#### [WHAT YOU HAVE TO DO]
Below is a listing. Gather each line of it that contains "with".

#### [STUDY MATERIAL]
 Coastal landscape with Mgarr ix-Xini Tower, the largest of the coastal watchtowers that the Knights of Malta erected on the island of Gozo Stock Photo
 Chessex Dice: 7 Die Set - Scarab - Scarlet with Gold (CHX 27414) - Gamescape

* * *

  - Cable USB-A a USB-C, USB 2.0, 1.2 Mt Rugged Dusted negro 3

#### [ANSWER TO THIS TASK]
 Coastal landscape with Mgarr ix-Xini Tower, the largest of the coastal watchtowers that the Knights of Malta erected on the island of Gozo Stock Photo
 Chessex Dice: 7 Die Set - Scarab - Scarlet with Gold (CHX 27414) - Gamescape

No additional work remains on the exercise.